- WHAT YOU WILL DO
Copy the data that follows exactly, and include none of its images.
═══ DATA SEGMENT
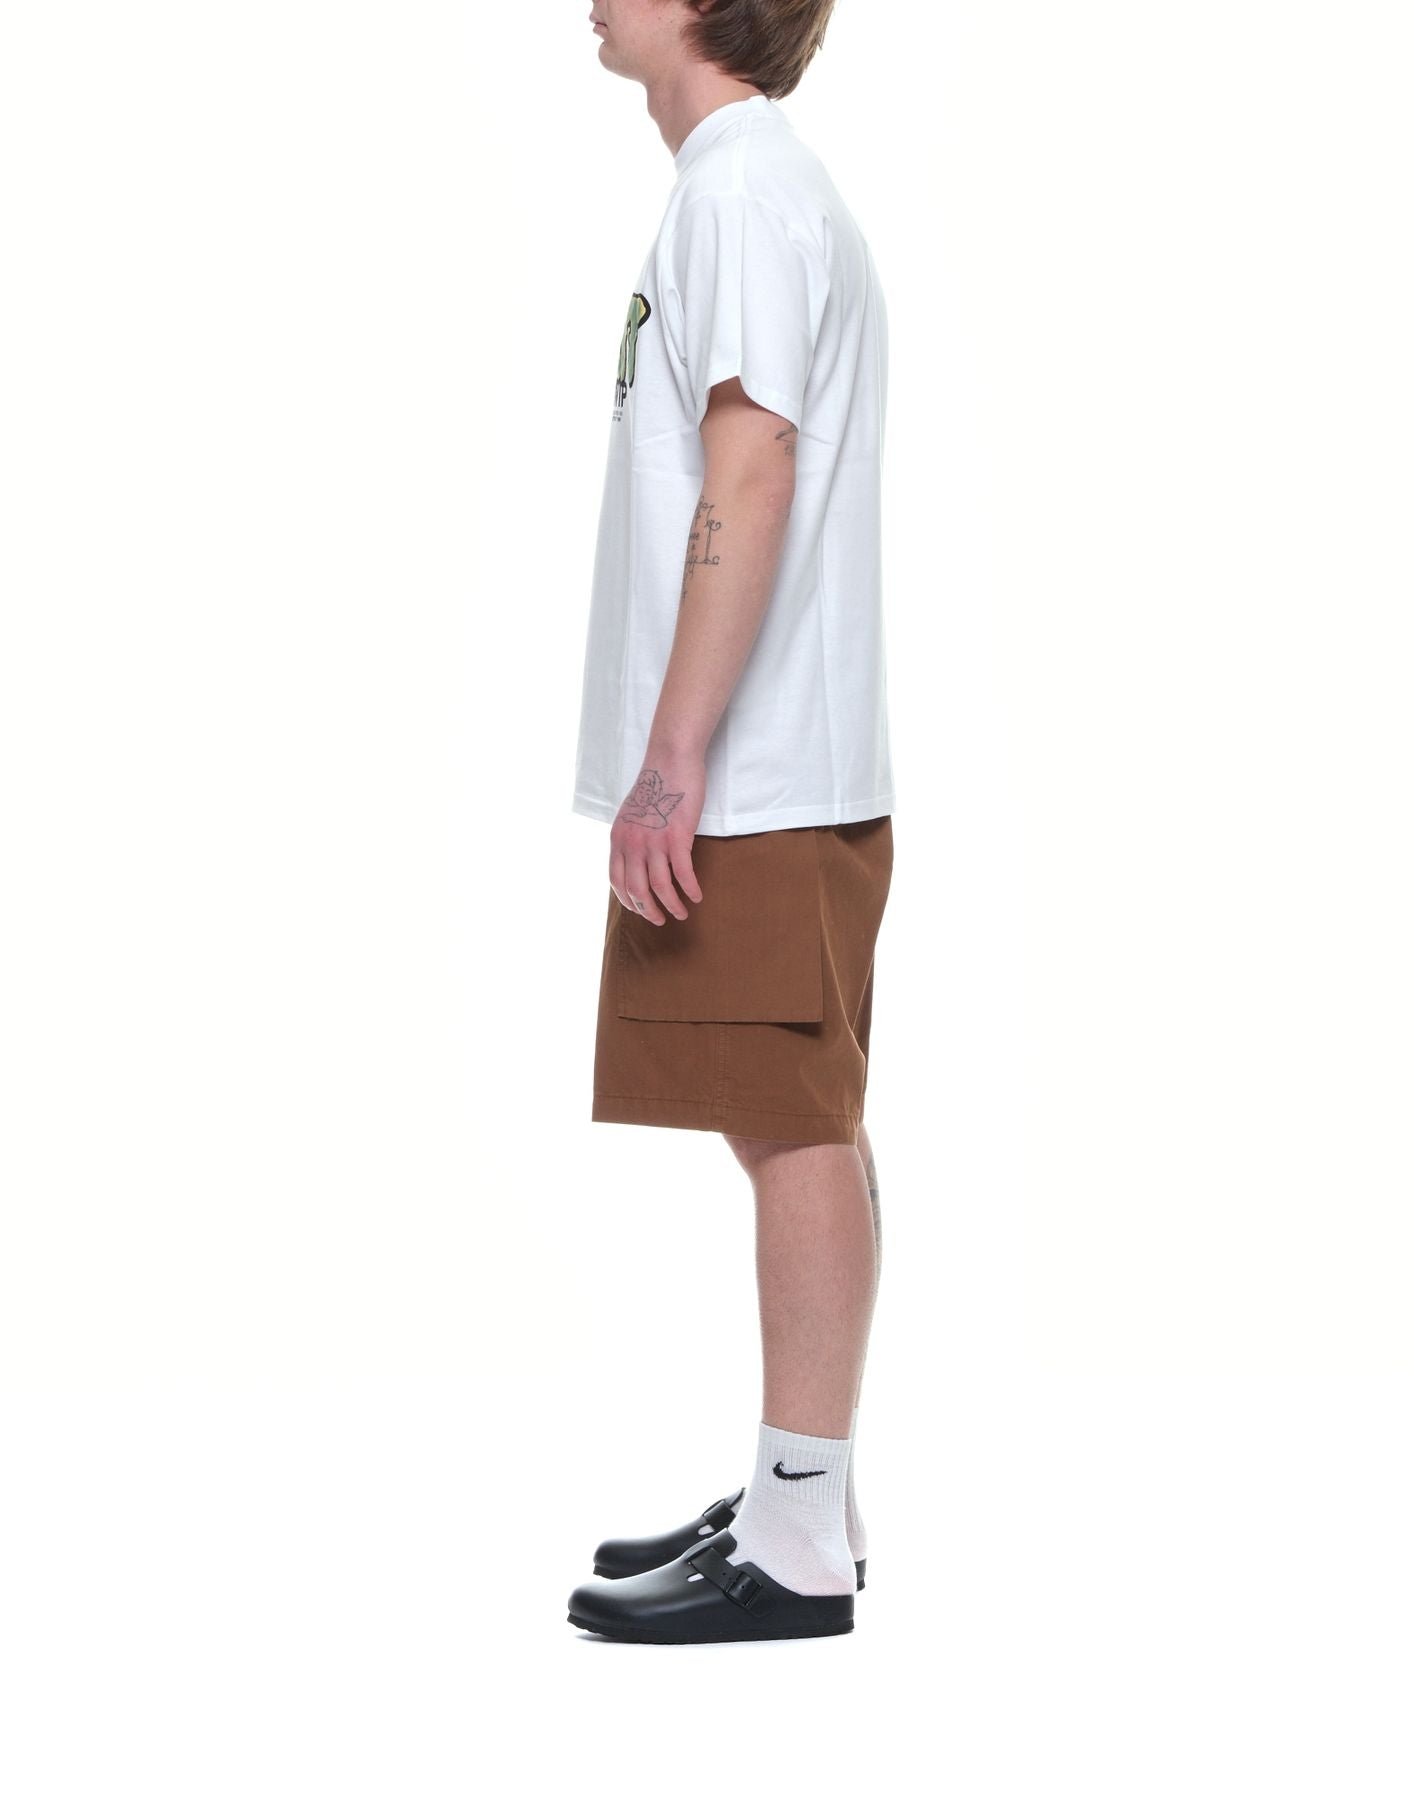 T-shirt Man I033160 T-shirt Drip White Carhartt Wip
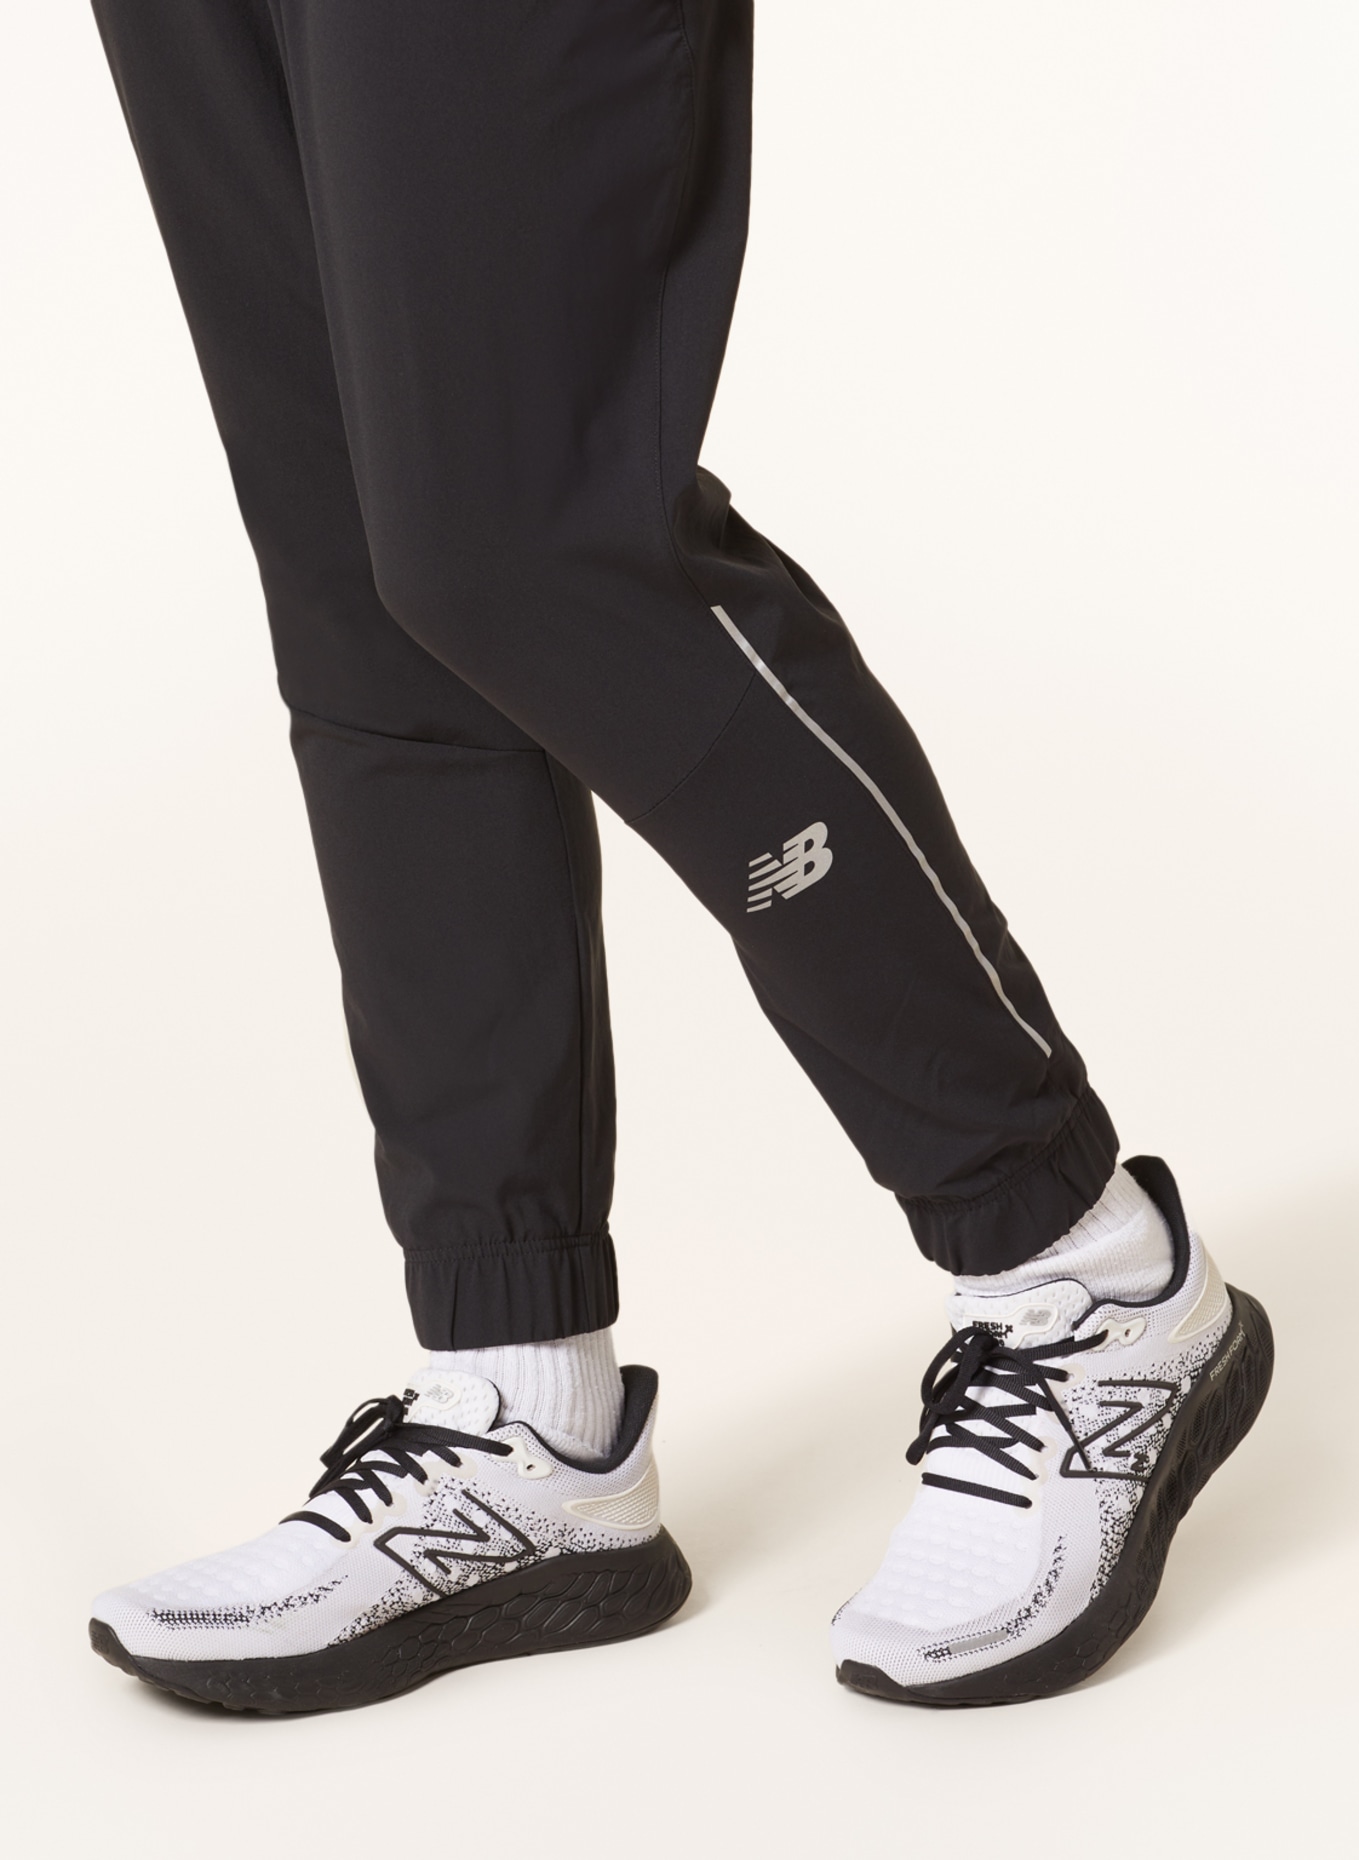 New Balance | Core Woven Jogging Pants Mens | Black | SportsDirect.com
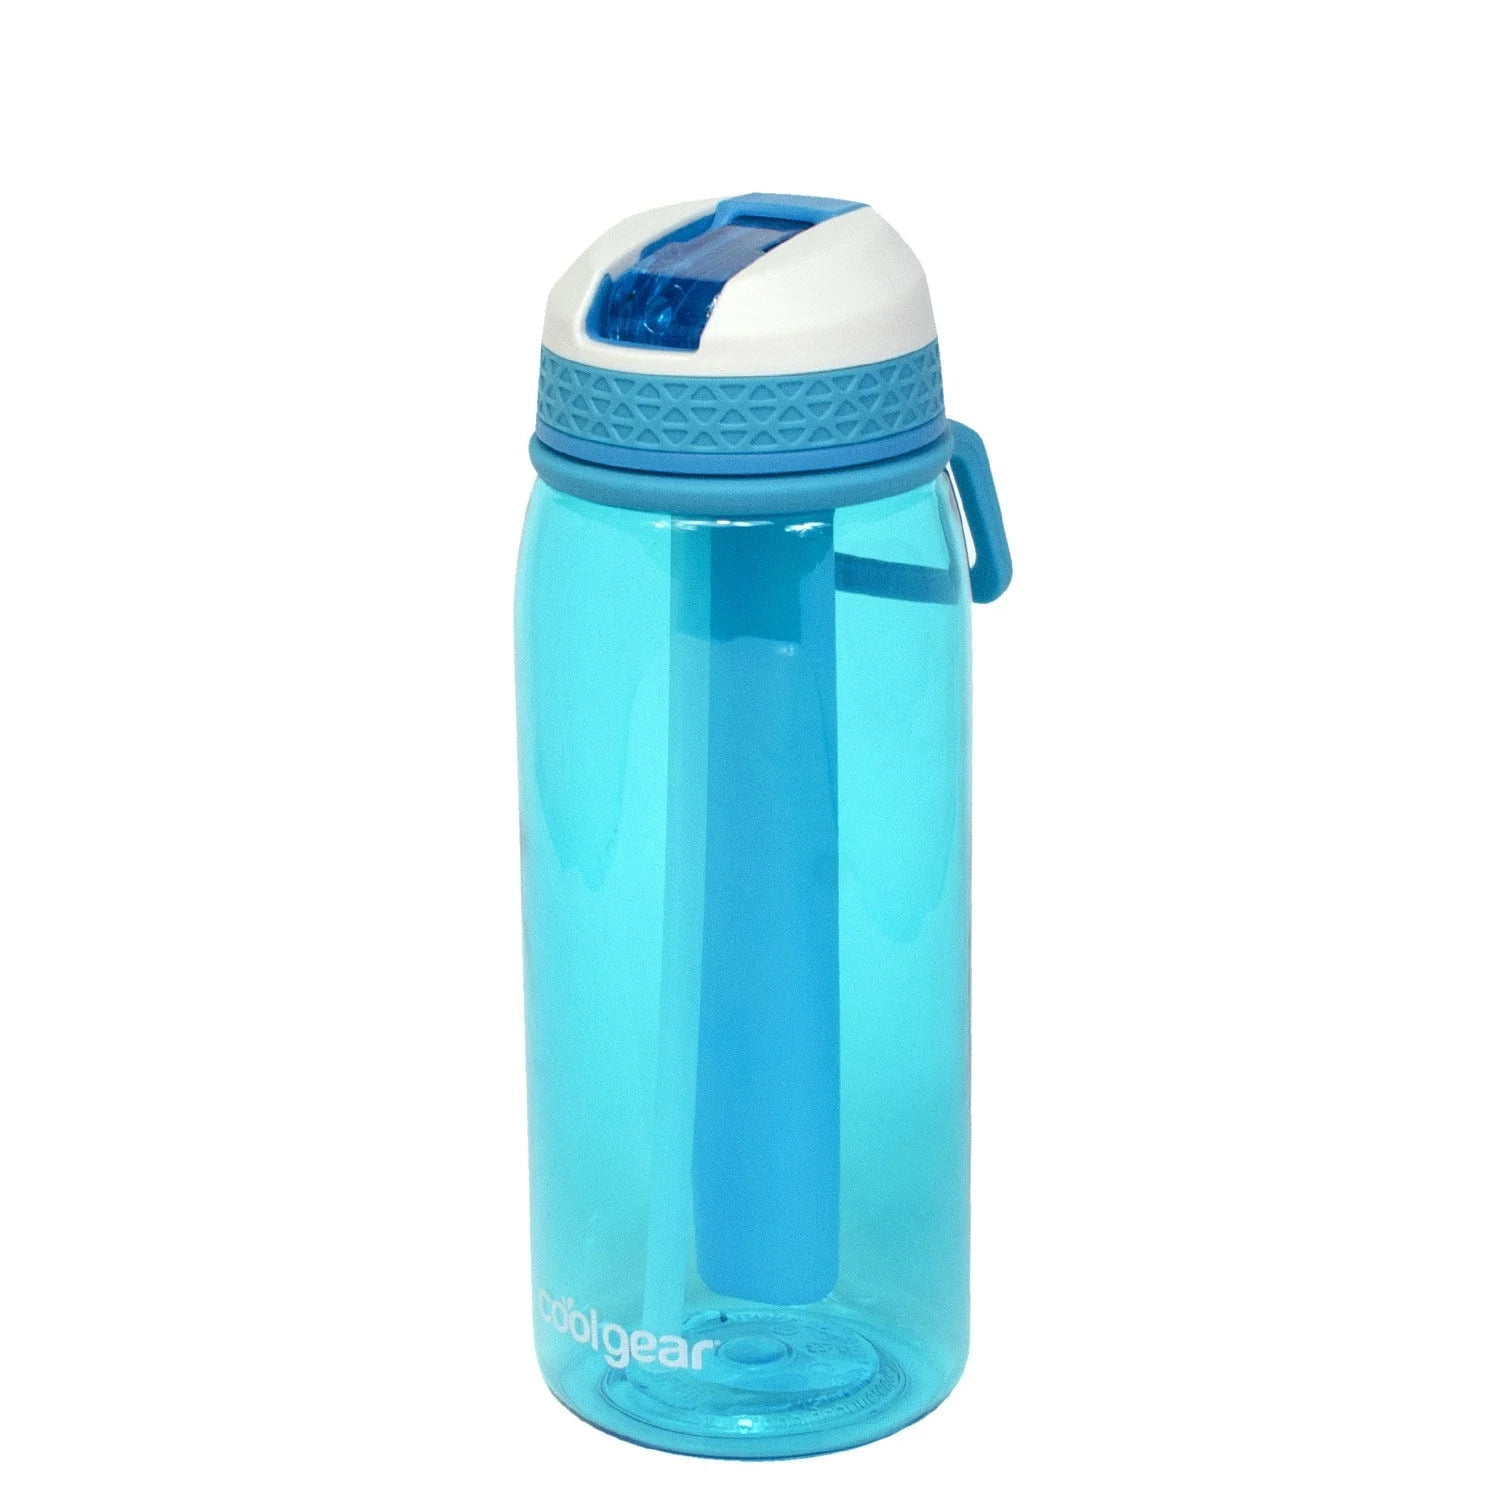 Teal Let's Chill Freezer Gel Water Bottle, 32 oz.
══════
- COMPLETED TASK
 T-shirt Man I033160 T-shirt Drip White Carhartt Wip
 New Balance | Core Woven Jogging Pants Mens | Black | SportsDirect.com
 Teal Let's Chill Freezer Gel Water Bottle, 32 oz.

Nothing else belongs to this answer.